2017). Its fruiting body contains various bioactive metabolites such as
ergosterol, adenosine, exopolysaccharide and mannitol (Tatani et al. 2016; Raethong et al. 2018). Cordycepin is the most
metabolically active of these compounds and it has recently attracted a lot of
attention as anticancer, antiasthmatic, bacteriostasis, antibacterial,
anti-fungal, antiasthmatic and antihyperuricemic (Shi et al. 2020; Das
et al. 2021; Li et al. 2021; Schwenzer et al. 2021). The
percentage of cordycepin and bioactive components varies depending on the
species, the incubation and drying conditions and the chemical structure of the
fungal biomass (Rozsa et al. 2019). Cordyceps
species are well-known for their high concentrations of phytochemical
components, metabolites and biological properties (Zhong et al. 2020). It
is currently also marketed as a food and beverage supplement considering the
high option pharmacological advantages. For years, it has been widely utilized
as a traditional food stimulant and analeptic and its therapeutic
characteristics have drawn great attention (Yang et al. 2014). Various techniques for the synthesis of fungal biomass,
both on a solid substrate and in liquid surface cultures or submerged cultures,
have been developed and optimized in recent years (Rozsa et al. 2017; Kontogiannatos et al. 2021; Berovic et al. 2022). It is evident from
earlier reports that various types of additives are incorporated in the solid
media such as Sesbania leaves, rice,
brown rice, millet, rye, bean powder, cottonseed hulls, corn grains, corn cobs,
sorghum, wheat, sunflower and brewery grains (Bajwa et al. 1999; Chen et al. 2011; Shrestha et al. 2012;
Wen et al. 2014). According to researchers, various cultures exhibited
amazing impacts on the yield of mycelium and metabolic compounds of C.

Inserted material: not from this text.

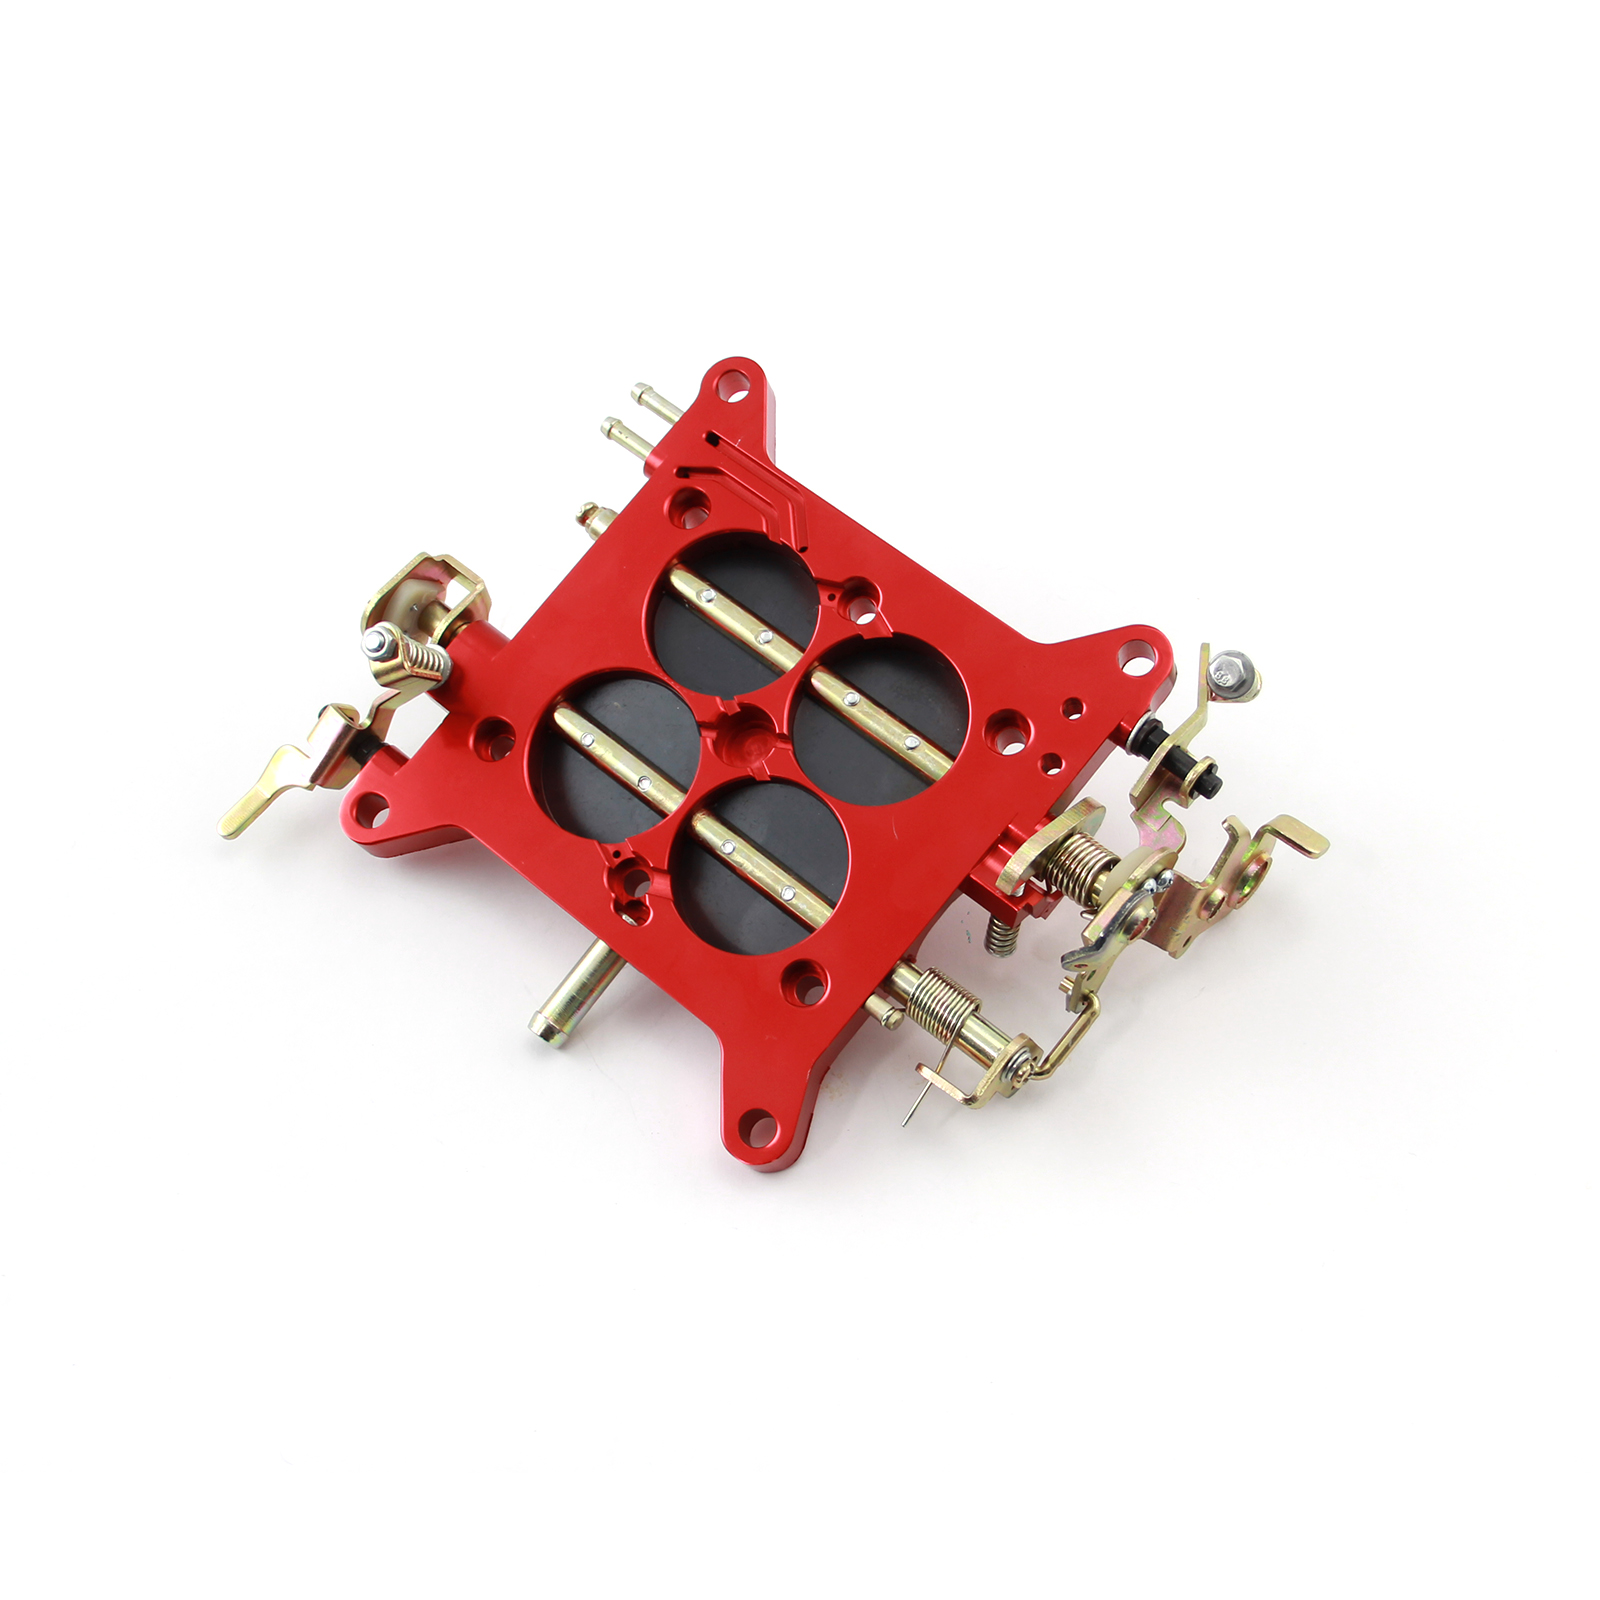 Billet Aluminum Carburetor Base Plate 850-950Cfm Holley Quickfuel Double Pumpers

militaris (Panda and Swain 2011; Yi et
al. 2014). Cereals have been commonly used in the large-scale production of
C. militaris. However, besides cereal grains, some other substrates for
the cultivation of C. militaris have also been studied. Lin et al.

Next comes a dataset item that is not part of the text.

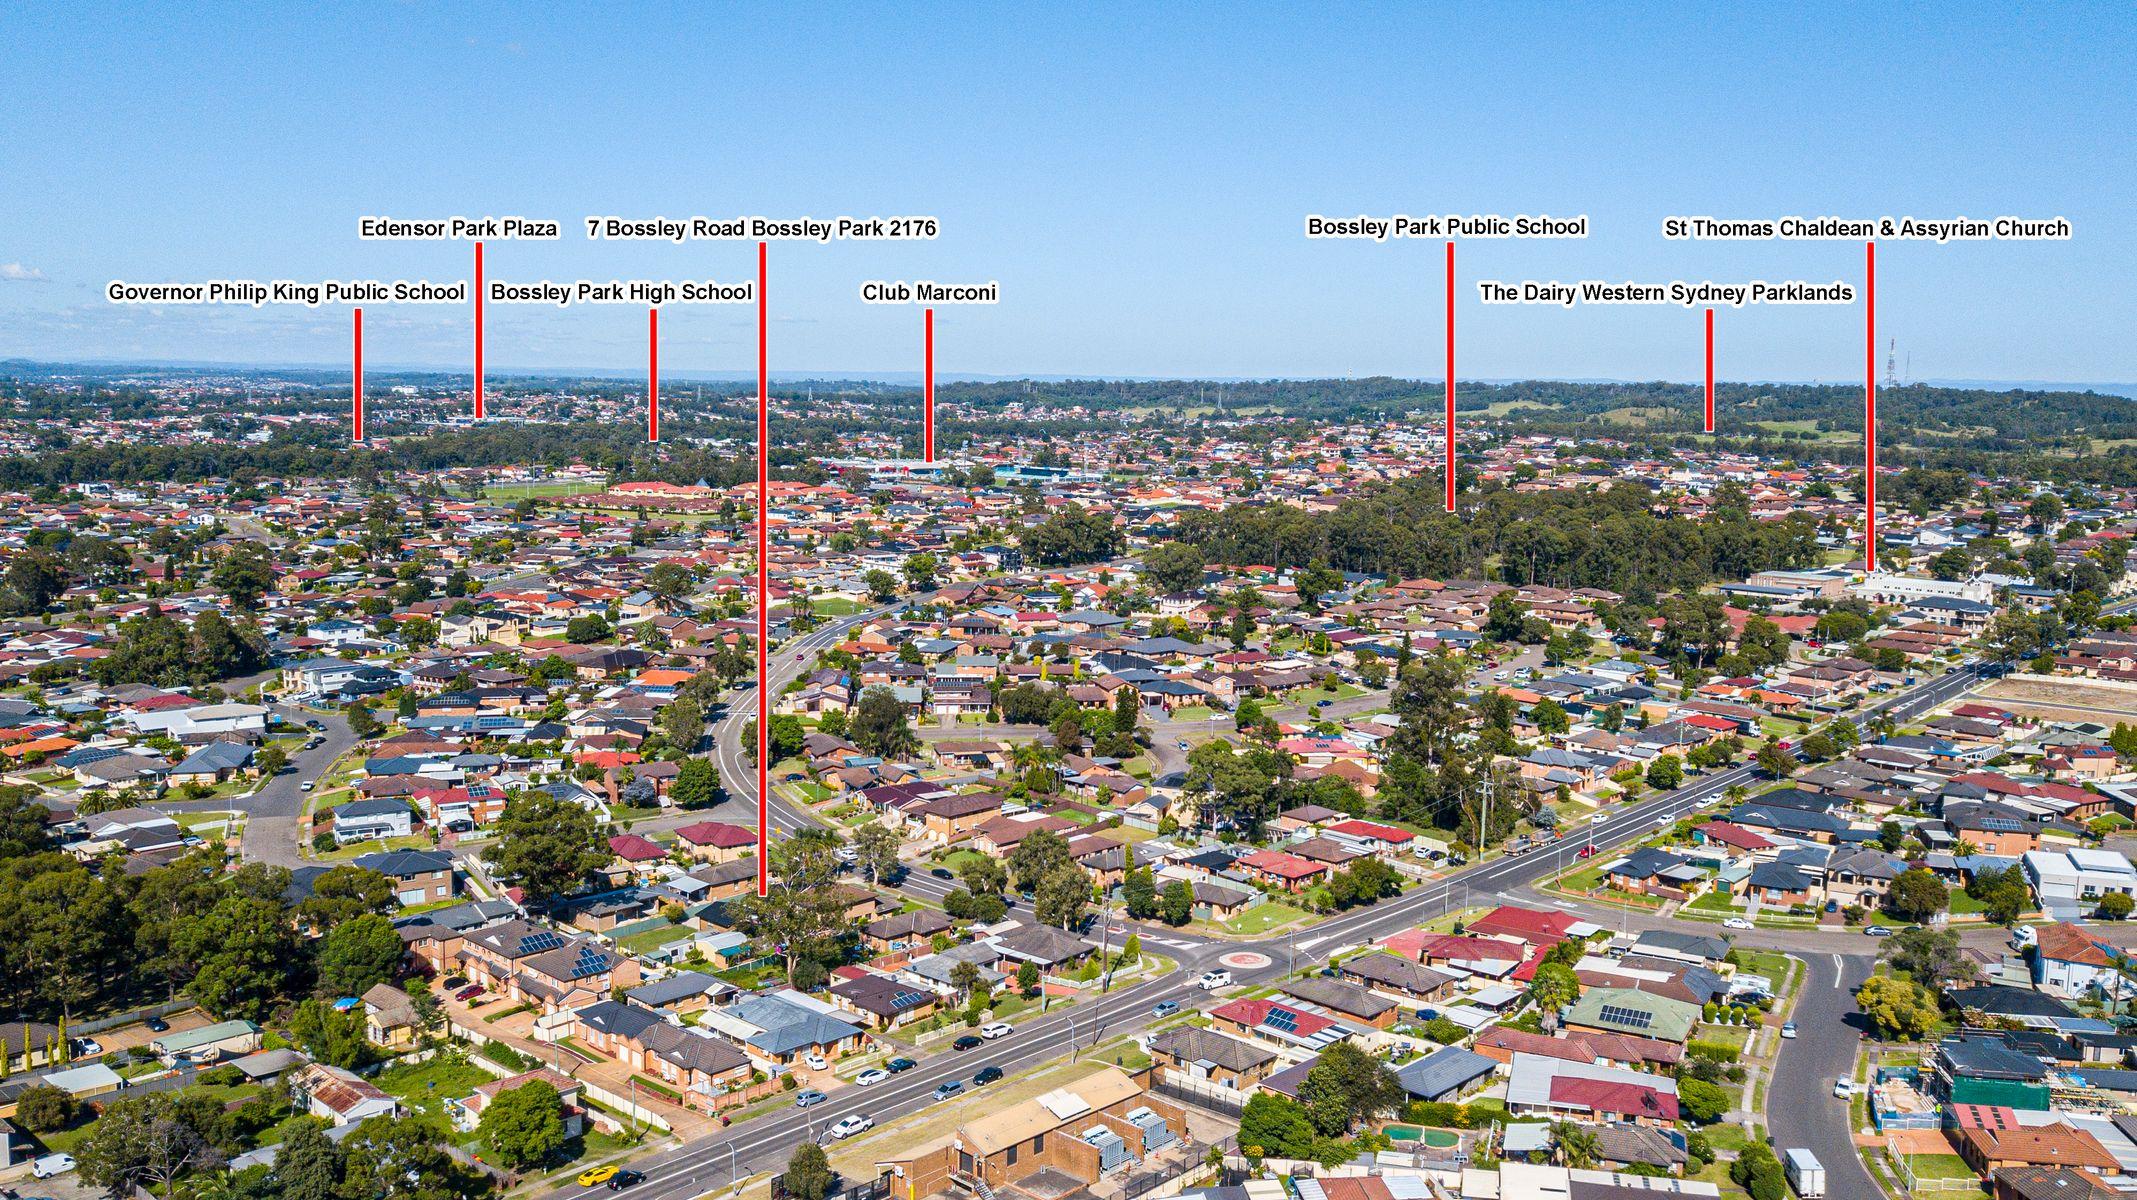 7 Bossley Road, Bossley Park, NSW 2176
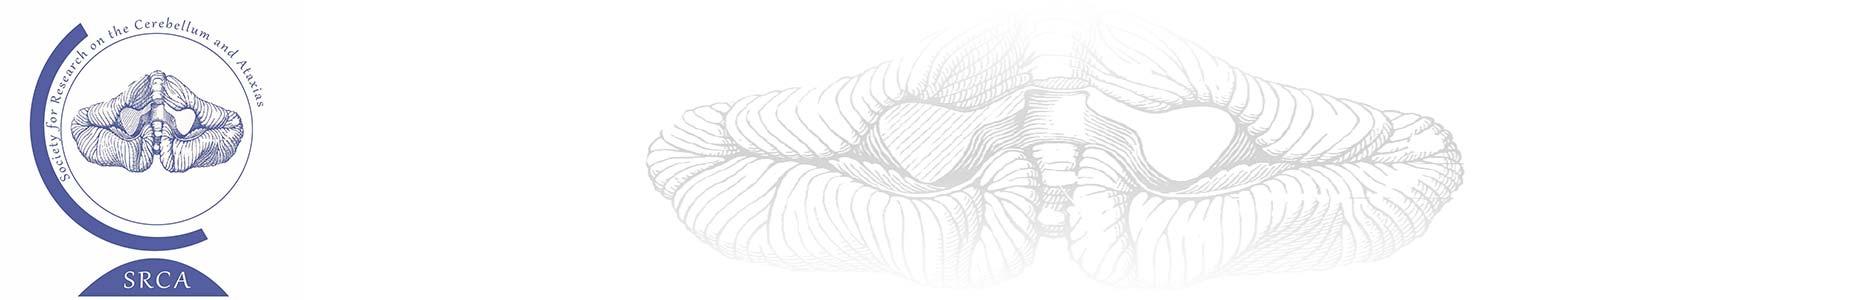 logo SRCA

(2017) investigated the ability of C.
militaris to develop on various agro-waste materials. Cottonseed shells,
corn cob particles, Italian poplar sawdust and substrates spent by Flammulina velutipes were employed to
cultivate C. militaris which exhibited greater suitability for
culturing. However, for cordycepin production, C. militaris has been commercially cultivated employing solid-state
and submerged fermentation due to Cordyceps
militaris has higher cordycepin
content compared to other species of the genus Cordyceps (Raethong et al.
2020). In another study, Amin et al. (2008) reported that the mycelium
of mushrooms cultivated in various agro-wastes could be infected, whereas that
mycelium produced in the culture medium might be free from contamination.
Mycelial development is stimulated by a growth medium, which provides quality
and year-round productivity. There has been little information available on the
effect of various parameters of temperature, humidity and incubation time on
the mycelial production of Cordyceps and
cordycepin using various solid substrates i.e. fermentation of rice, wheat and
oat. There are primarily two types of
modeling techniques for cultivating fruit bodies: those that use insects as
hosts and those that use cereal grains (mostly rice or wheat) as substrates.
The latter is more popular due to its ease of use and fruiting body products
formed with this model compete more effectively. China produces around 4000
tones of dry fruit bodies every year, utilizing at least 500,000 tones of grain
substrates (Lin et al. 2017). Artificial media have been
synthesized to extract bioactive compounds for mycelial biomass and fruiting
body production. According to Hong et al. (2010), the natural host
insects for artificial cultivations are costly, difficult to manage,
unavailable and susceptible to microbial pathogens and are threatened with
extinction in nature.
In Pakistan,
there is no any research work conducted on the production of this medicinal
mushroom therefore, this research aimed to study the effect of liquid spawn on
different soaked and unsoaked substrates of wheat, rice and sorghum and also
optimized the growth of mycelium and production of the fruiting body of C.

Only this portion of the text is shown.